Analysts are pointing to a recovery in the Chinese housing sector as an early indicator that demand for commodities, including coking coal, will start to pick up. What happens with housing is critical to a view on coking coal demand because real estate directly and indirectly accounts for 35%-40% of Chinese steel demand, as Commonwealth Bank of Australia (CBA) points out.
Recent data shows housing prices are heading back toward more sustainable levels and property developers are starting to buy land again. This will eventually flow through to a return to housing construction which will see an increase in steel demand, but not until the stock of unsold properties drops.

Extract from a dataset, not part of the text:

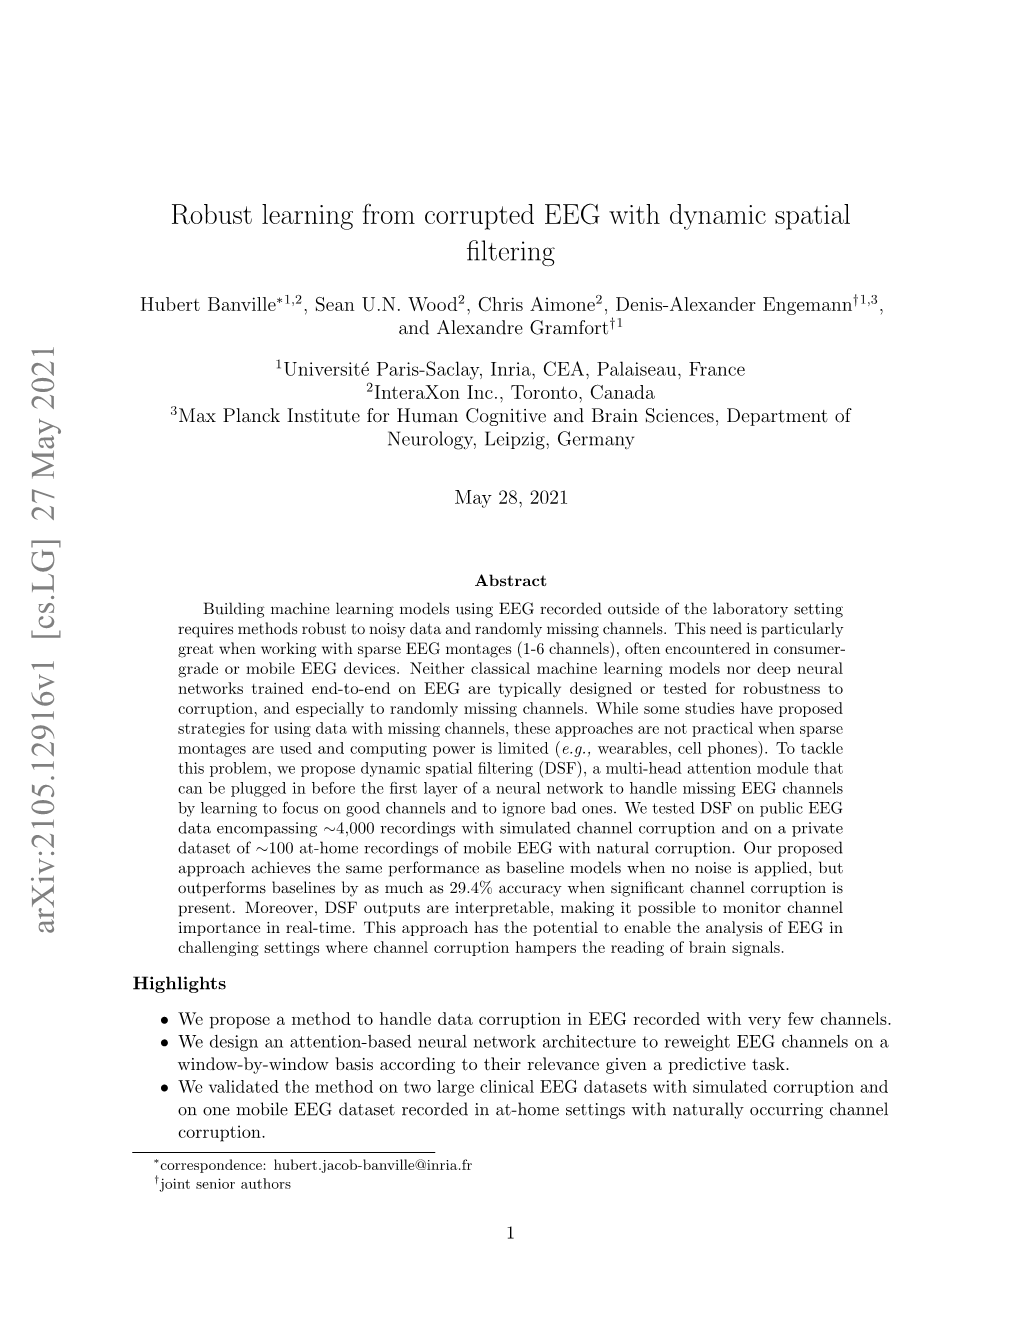 Robust Learning from Corrupted EEG with Dynamic Spatial Filtering

“While land sales are volatile, averaging July and August numbers reflect that land sales growth is similar to the same period in 2011,” CBA said in a client note.
“Two consecutive months of y-o-y growth in new floor space sales is the strongest indicator that Chinese property construction volumes have bottomed,” CBA added.
CBA says data showing ongoing weakness in economic activity, such as the Purchasing Managers’ Index dropping to a nine-month low, is indicative of destocking, a point also made about the coking coal, iron ore and steel sectors.
At the same time, as reported before, steelmakers have little incentive to cut production, underlined by new data showing exports of 5Mt of Chinese steel products for September were up 22% y-o-y and up the same percentage m-o-m.
CBA sees the biggest risk to China is slow demand growth from developed economies which could continue to drag down manufacturing and cut into the labour market. In such a scenario stimulus might be injected but only in 2Q 2013.
Given China remains a centrally planned economy, the government policy response to the economy is much watched and commented on. CBA said since last December China’s central bank has cut the required reserve ratio (RRR) three times from 21.5% to 18-20%, reflecting the need to stimulate growth. (The RRR defines the minimum reserves each commercial bank must hold of customer deposits and notes.)
CBA highlights a historic link between changes in RRR and crude steel output, that is, a drop in RRR predicts an increase in crude steel output. If past trends repeat, the figures point to an uptick in steel output. Some analysts are predicting further intervention in the reserve ratio towards year-end.
From a bigger perspective, multiple analysts emphasise that China is a compelling growth story as it continues to industrialise and urbanise. As numerous commentators have said: China is not yet built.
The most recent data quoted by CBA is a 4% month-on-month lift in China’s iron ore imports (up 7.3% y-o-y) to 65Mt in September. CBA said lower import prices and expectations of higher steel consumption in autumn along with expectations of extra infrastructure spending were likely to have boosted iron ore import demand. The same dynamics appear to be flowing through to coking coal.
But in considering China, it is also clear that the government has recognised that the unchecked growth of recent years is not sustainable and if not moderated, could cause all kinds of economic mayhem such as hyper-inflation, property bubbles and social unrest.
This does not mean China will stop importing commodities. As one investment analyst put it: "With 1-1.1 billion people still wanting to urbanise, China isn't about to move to a ‘commodities lite’ development story anytime soon”.